Lehrbücher allein helfen nicht

„Das Ergebnis der Forschung von Banerjee, Duflo und Kremer war, dass zusätzlicher Input wie beispielsweise mehr Lehrbücher ohne darüber hinausgehende Reformen keine besseren Erfolge bringen.“ Auf Basis ihrer Arbeiten wurde 2001 in Indien das Konzept „Teaching at the Right Level“ („Auf dem richtigen Niveau unterrichten“) eingeführt. Dabei werden die Schulkinder nicht mehr nach Alter in Klassen zusammengefasst, sondern je nach ihren Fähigkeiten. So soll sichergestellt werden, dass jeder, der die Schule verlässt, zumindest die Basiskenntnisse in Schreiben und Rechnen erlernt hat. „Heute werden bereits 60 Millionen Kinder in Indien und Afrika nach diesem Konzept unterrichtet“, so Svensson. Und Tests haben gezeigt, dass die Ergebnisse dadurch besser geworden sind.

„Es ist unser Ziel, den Kampf gegen Armut auf wissenschaftlich fundierte Beine zu stellen. Denn es gibt viel Hilfe für Arme, aber oft verstehen die Helfer selbst nicht, wo das Problem ist“, erklärte Duflo in einer Telefonschaltung. Sie sei überwältigt davon, den Preis erhalten zu haben, und war vor allem überrascht, „dass es möglich ist, ihn zu erhalten, bevor man alt ist“. Die Französin ist mit dem Geburtsjahrgang 1972 die jüngsten Preisträgerin in der Geschichte des Wirtschaftsnobelpreises.

Sie ist nach der Amerikanerin Elinor Ostrom auch erst die zweite Frau, die den Preis erhält. Das solle als Inspiration für andere Frauen dienen, so Duflo. Ein Umstand, dessen man sich bei der schwedischen Akademie der Wissenschaften sicherlich bewusst ist. Allerdings verwies deren Generalsekretär, Göran Hansson, in der Folge explizit darauf, dass sie den Preis nicht wegen ihres Geschlechts erhalten habe, sondern für ihre Forschung.
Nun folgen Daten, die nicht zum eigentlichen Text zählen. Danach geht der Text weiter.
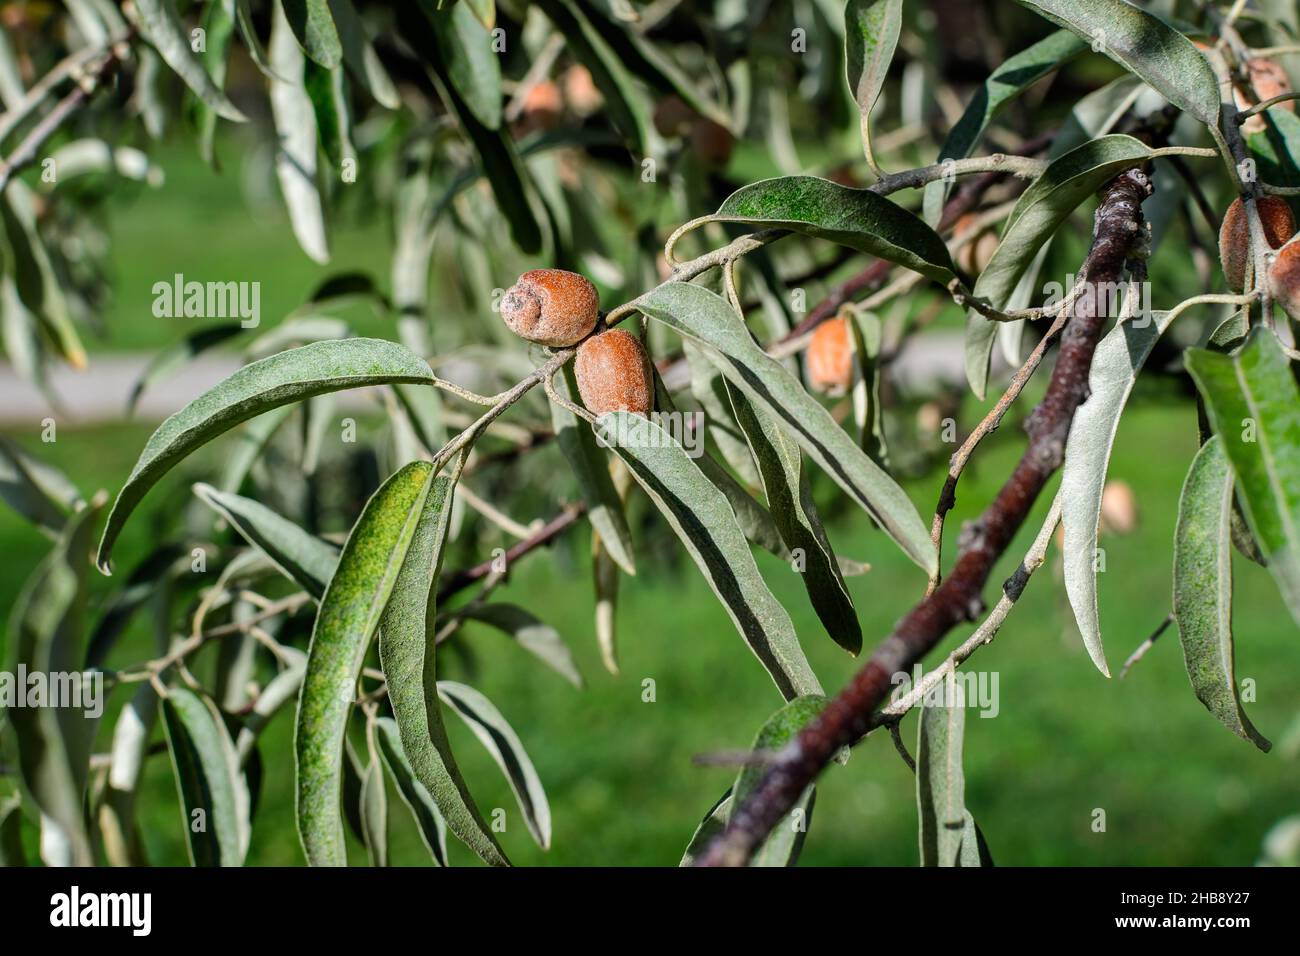 Silver leaves and small ripe fruits or berries of Elaeagnus angustifolia plant, commonly called wild Russian or Persian olive, silver berry, oleaster, Stock Photo

Duflo erklärte zudem, dass sie den Preis stellvertretend für die „Hunderten an Forschern“ entgegennimmt, die in einem Netzwerk zusammen an dem Thema arbeiten würden. Laut dem Nobelpreiskomitee geht der Preis an Kremer, weil er in den 1990er-Jahre mit den experimentellen Forschungen zum Thema Armut in Kenia begonnen hat und an Banerjee und Duflo, weil sie in der Folge die Arbeiten vertieft und verbreitert haben. Neben Bildung beschäftigen sich die Ökonomen beispielsweise auch mit dem Zusammenhang von Gesundheit und Armut oder dem Einfluss, den der Zugang zu Krediten hat.

Ein Gramm Radium

Auf die Frage, was sie mit dem Preisgeld machen werde, verwies Duflo auf die Physikerin Marie Curie, die 1903 den Nobelpreis für Physik (und 1911 jenen für Chemie) erhalten hat. „Sie kaufte sich von dem Geld damals ein Gramm Radium“, so Duflo. Diese Hingabe an ein Thema habe sie immer fasziniert. Daher wolle sie nun mit Banerjee und Kremer überlegen, was in ihrem Fall das Gramm Radium sei.